One of the most troubling parts of parenting is to witness our own preschooler’s mean and aggressive behavior toward another kid. Sometimes our kids hit, pull hair, take toys, push or say mean things to others. It is no fun to see! We want our child to be loving and respectful to others, and it is a big concern when we see the “darker side” coming out.
Why does this happen? There are several reasons for this sort of behavior. Sometimes a child may have bullying tendencies in which they feel a sense of power over other kids. Some children have problems curbing their impulses. Some feel powerless and this is the only way they feel they have a voice. Some are acting out feelings they have toward a parent or older sibling. And some are simply on the immature side of the developmental curve.
There are some helpful things you can to help your child move from aggression to a balanced life of giving both “grace and truth” to other kids (John 1:14). Here are the skills:
If the behavior stops quickly, wait until later. Sometimes a child will stop being mean on her own quickly. Or the other child will stop the behavior himself. If that happens, don’t intervene and have a conversation right then. Wait until later to talk to her. Otherwise, you get into a “helicopter parent” cycle where your child is waiting for the hovering parent to land and say something. Then she never feels any sense of control or ownership. When playtime is over, take her aside and tell her what the specific behavior was that was wrong. If it is a known issue that you have discussed before, and you have told her there is a consequence, give her the consequence (Boundaries with Kids has lots of information on this part). If not, warn her, but that is the last warning!
If things escalate, intervene. Your child is out of control at that point and she needs your external intervention because she can’t pull it together. That is what parents are for. As well, you need to protect the other child. Separate them and have the talk. Administer the consequence. And if her behavior continues, administer tougher consequences.
Talk to the other parent. If you have to intervene, tell the other child’s parent what happened. It is a gift to the other parent, and can possibly save the relationship. Think about how you would feel if an aggressive kid hurt your child and the other parent didn’t talk to you. Be honest and tell the other parent you are going to deal with the behavior. Have your child apologize to the other kid as well.

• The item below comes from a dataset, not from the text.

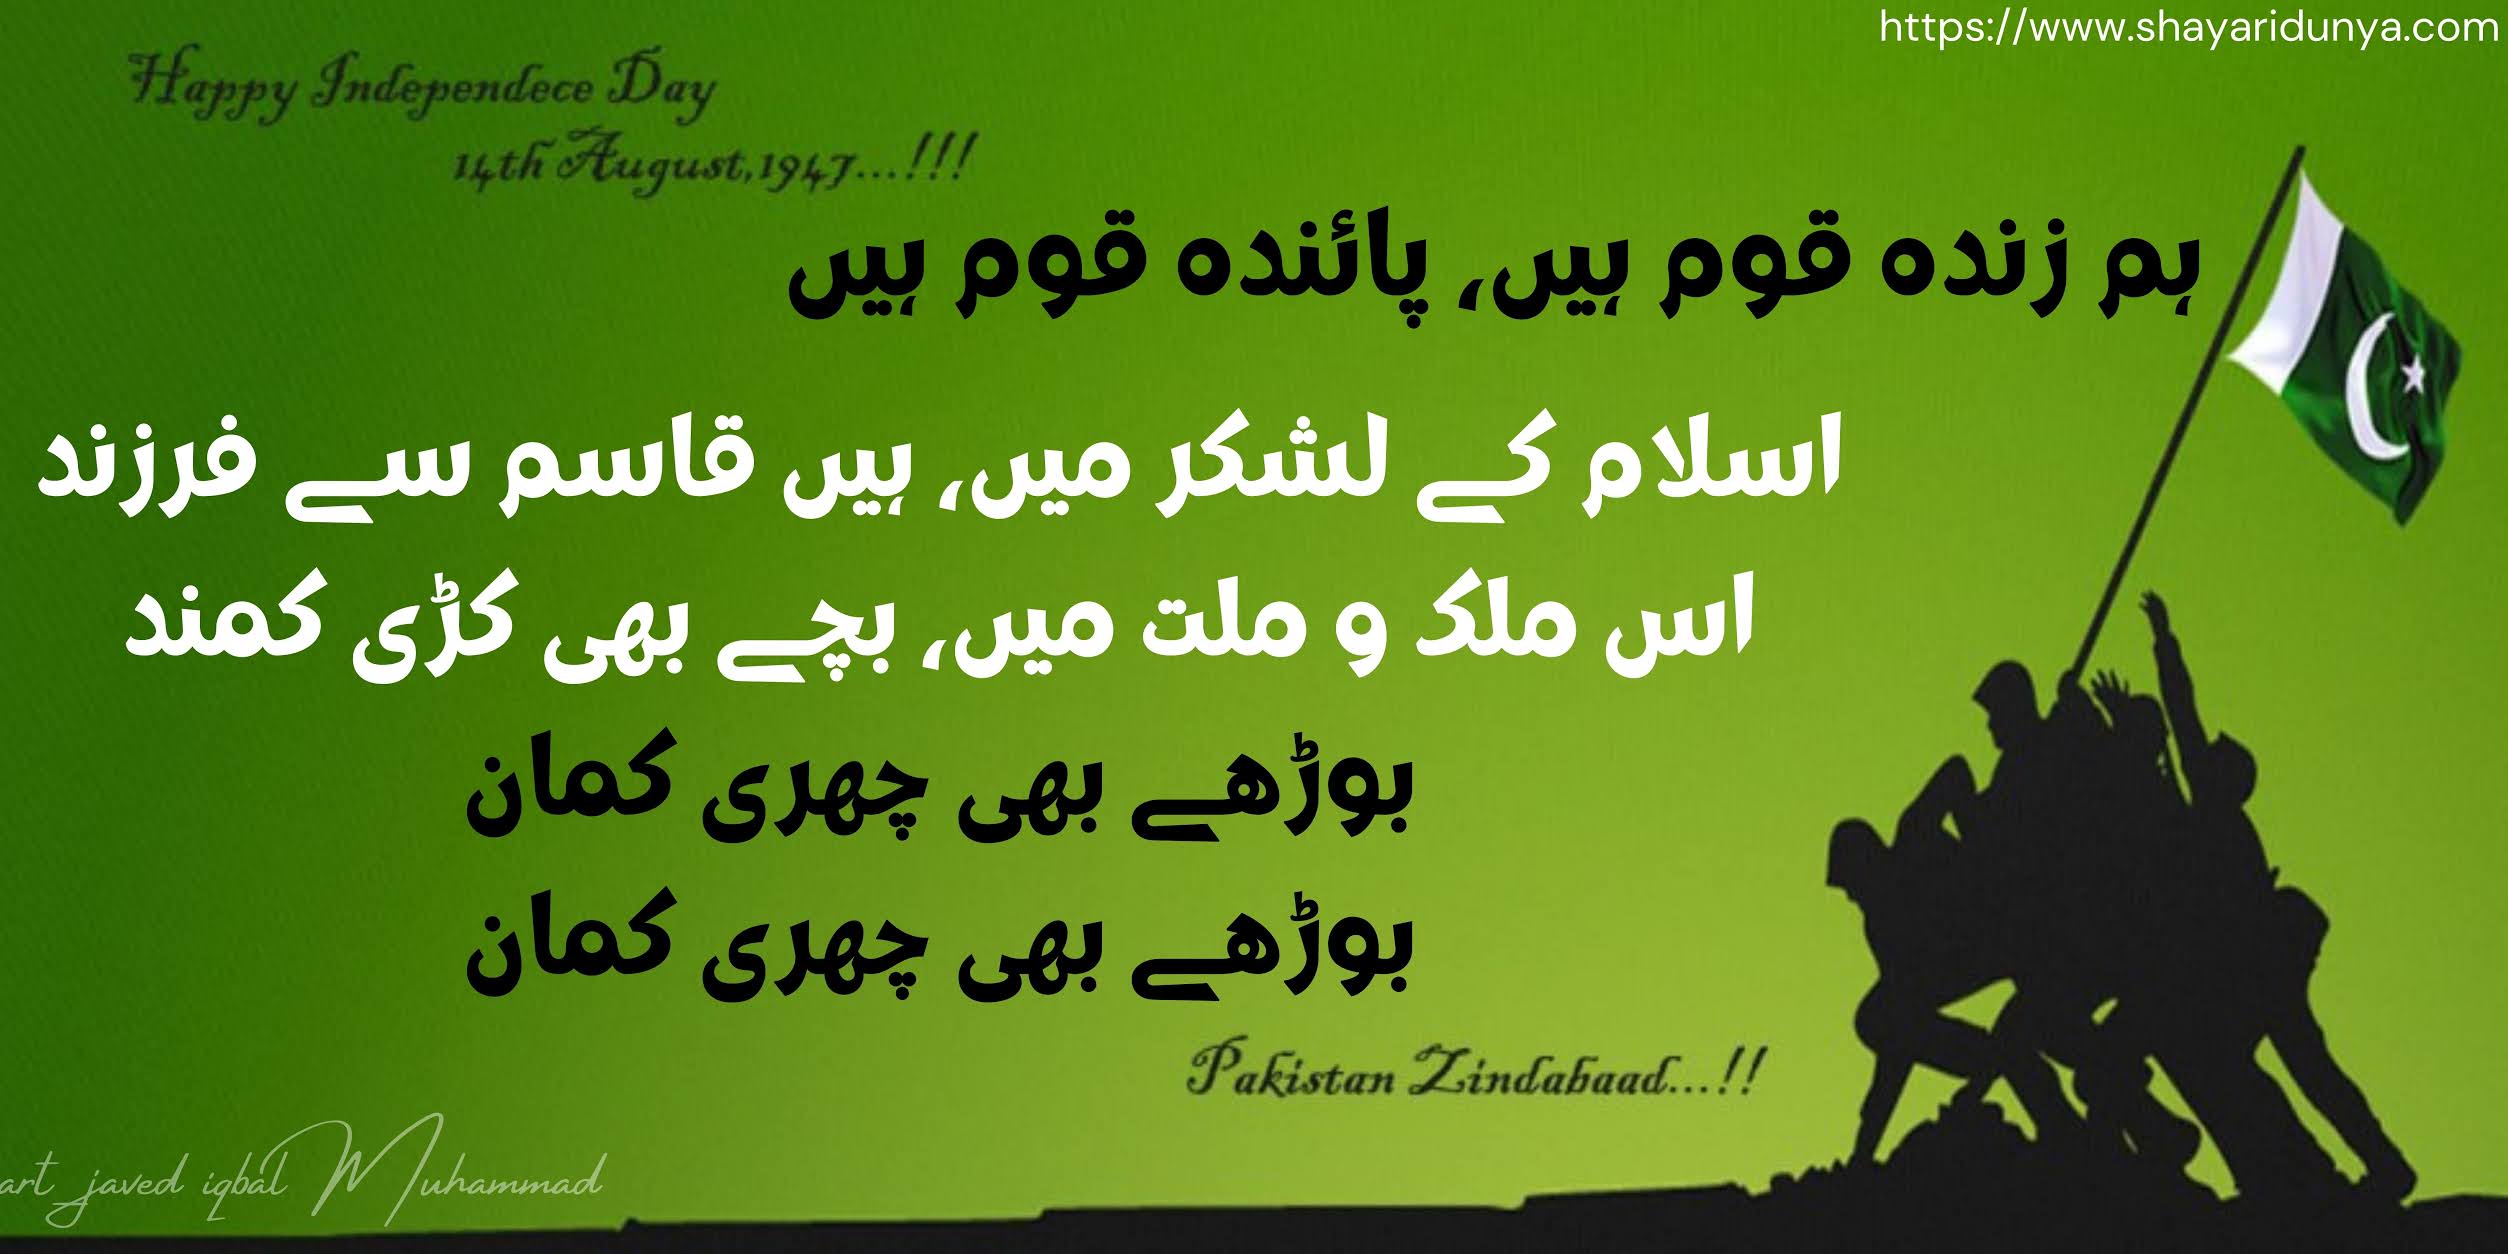 Happy Independence Day 14 August 1947 |14 August Urdu Poetry | Jashan-e-Azadi Shayari | Pakistan Independence Day Pictures 2021

Help her with the issue. Even though there are consequences, if the pattern continues, talk to your child about the reasons she may be doing this, that I listed above. Look deeper at her behavior patterns, her relationships at home and her feelings. You should be able to see what’s going on. If not, take her to a child psychologist for help.
We all have that sort of mean streak, it’s part of being Adam and Eve’s kids! But it can be helped and resolved with a good parent with good resources. God bless you.
Article is published is MomSense Magazine
© 2013 John Townsend, Ph.D.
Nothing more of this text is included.